Li Congyang, Wang Chenggang, Zhang Jiru, Zheng Wenjun, Shi Jing, Li Li, Shi Xuezhi
Department of Orthopaedics, Lu'an Hospital of Anhui Medical University, Lu'an, China.
Wound Stoma Care Clinic, Lu'an Hospital of Anhui Medical University, Anhui, China.
Front Med (Lausanne). 2025 Jun 26;12:1553274. doi: 10.3389/fmed.2025.1553274. eCollection 2025.
Currently, there is no individualized prediction model for joint function recovery after ankle fracture surgery. This study aims to develop a prediction model for poor recovery following ankle fracture surgery using various machine learning algorithms to facilitate early identification of high-risk patients.
A total of 750 patients who underwent ankle fracture surgery at Lu'an Hospital Affiliated to Anhui Medical University between January 2018 and December 2023 were followed up. The collected data were chronologically divided into a training set (599 cases) and a test set (151 cases). Feature variables were selected using the Boruta algorithm, and five machine learning algorithms (logistic regression, random forest, extreme gradient boosting, support vector machine, and lasso-stacking) were employed to construct models. The performance of these models was compared on both the training and test sets to select the best-performing model. The decision basis of the optimal model was further analyzed using Shapley Additive Explanation (SHAP) and Local Interpretable Model-Agnostic Explanations (LIME).
In total, 12 characteristic variables were identified using the Boruta algorithm. Among the five machine learning models, random forest model: AUC (training set: 0.840, test set: 0.779), accuracy (training set: 0.781, test set: 0.742); SVM: AUC (training set: 0.809, test set: 0.768), accuracy (training set: 0.751, test set: 0.728); XGBoost: AUC (training set: 0.734, test set: 0.748), accuracy (training set: 0.668, test set: 0.722); logistic regression: AUC (training set: 0.672, test set: 0.691), accuracy (training set: 0.651, test set: 0.656); lasso-stacking model: AUC (training set: 0.877, test set: 0.791), accuracy (training set: 0.796, test set: 0.762). The PR curve and decision curve of the lasso-stacking model were better than those of other models. The lasso-stacking model had the best performance. SHAP analysis showed that functional exercise compliance, combined ligament injury, and open fracture accounted for the largest proportion of SHAP values and were the most important influencing factors.
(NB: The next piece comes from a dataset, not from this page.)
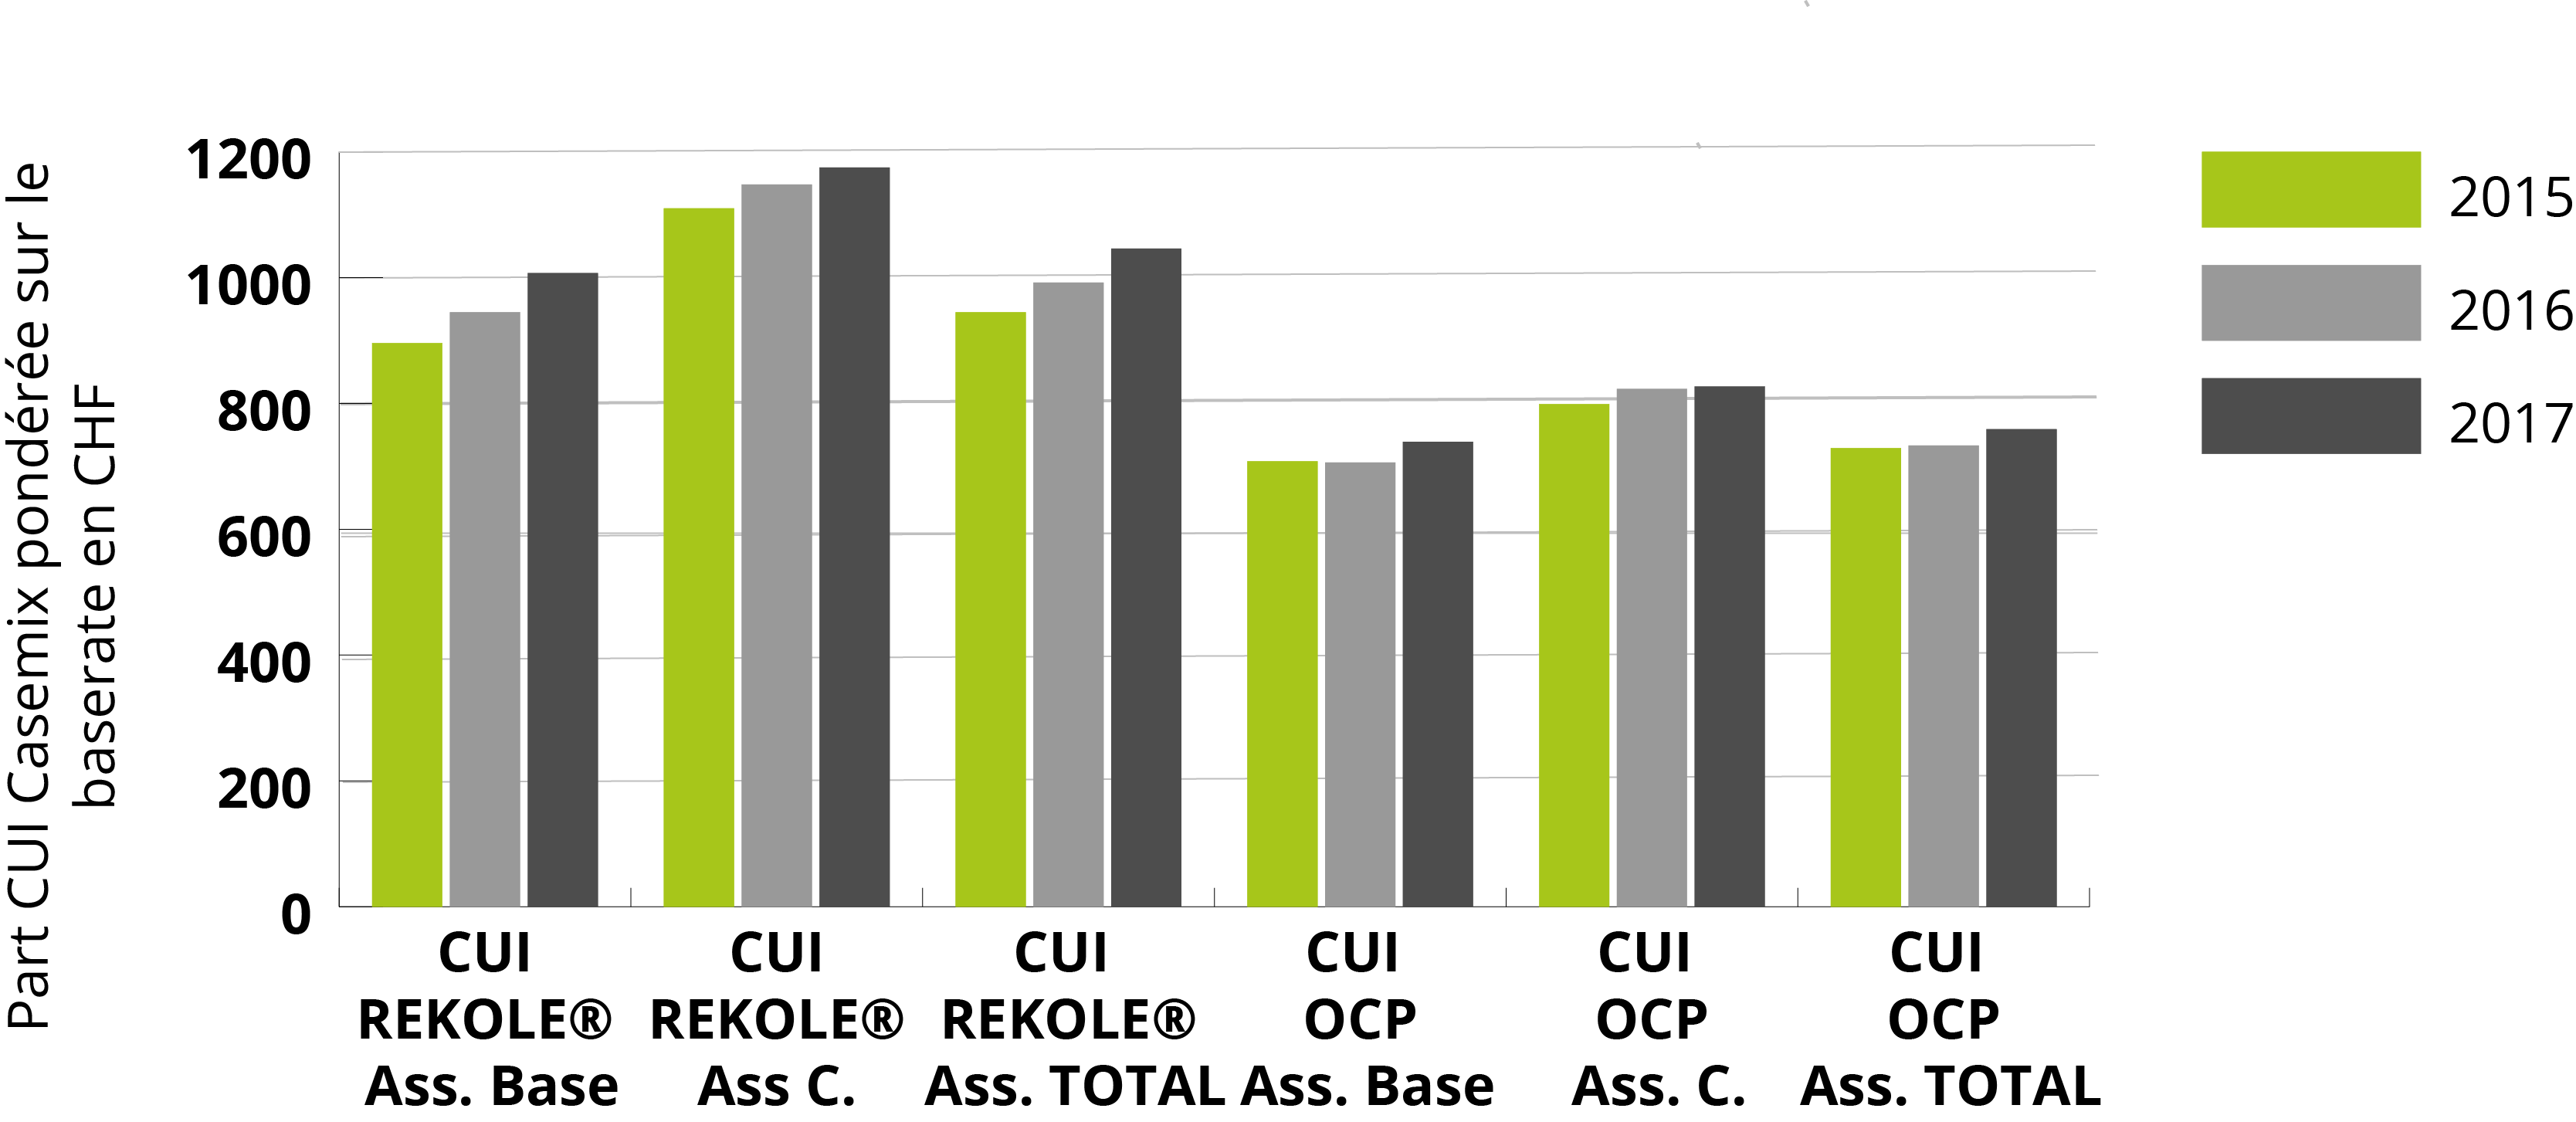 La tendance est nette : la part CUI a augmenté de plus de 10% ces 3 dernières années (CUI selon REKOLE® / source = évaluation des modèles tarifaires HSK 2015-2017)

Through evaluation and comparison of the developed models, the lasso-stacking model demonstrated the best performance and is more suitable for predicting joint function recovery after ankle surgery. This model can be further validated externally and applied in clinical practice.
目前尚无用于预测踝关节骨折手术后关节功能恢复情况的个体化模型。本研究旨在利用多种机器学习算法开发一种预测踝关节骨折手术后恢复不佳的模型,以促进对高危患者的早期识别。
对2018年1月至2023年12月在安徽医科大学附属六安医院接受踝关节骨折手术的750例患者进行随访。将收集到的数据按时间顺序分为训练集(599例)和测试集(151例)。使用Boruta算法选择特征变量,并采用五种机器学习算法(逻辑回归、随机森林、极端梯度提升、支持向量机和套索堆叠)构建模型。在训练集和测试集上比较这些模型的性能,以选择性能最佳的模型。使用夏普利值相加解释法(SHAP)和局部可解释模型无关解释法(LIME)进一步分析最佳模型的决策依据。
使用Boruta算法共识别出12个特征变量。在五个机器学习模型中,随机森林模型:AUC(训练集:0.840,测试集:0.779),准确率(训练集:0.781,测试集:0.742);支持向量机:AUC(训练集:0.809,测试集:0.768),准确率(训练集:0.751,测试集:0.728);极端梯度提升:AUC(训练集:0.734,测试集:0.748),准确率(训练集:0.668,测试集:0.722);逻辑回归:AUC(训练集:0.672,测试集:0.691),准确率(训练集:0.651,测试集:0.656);套索堆叠模型:AUC(训练集:0.877,测试集:0.791),准确率(训练集:0.796,测试集:0.762)。套索堆叠模型的PR曲线和决策曲线优于其他模型。套索堆叠模型性能最佳。SHAP分析表明,功能锻炼依从性、合并韧带损伤和开放性骨折在SHAP值中占比最大,是最重要的影响因素。
通过对所开发模型的评估和比较,套索堆叠模型表现出最佳性能,更适合预测踝关节手术后的关节功能恢复情况。该模型可进一步进行外部验证并应用于临床实践。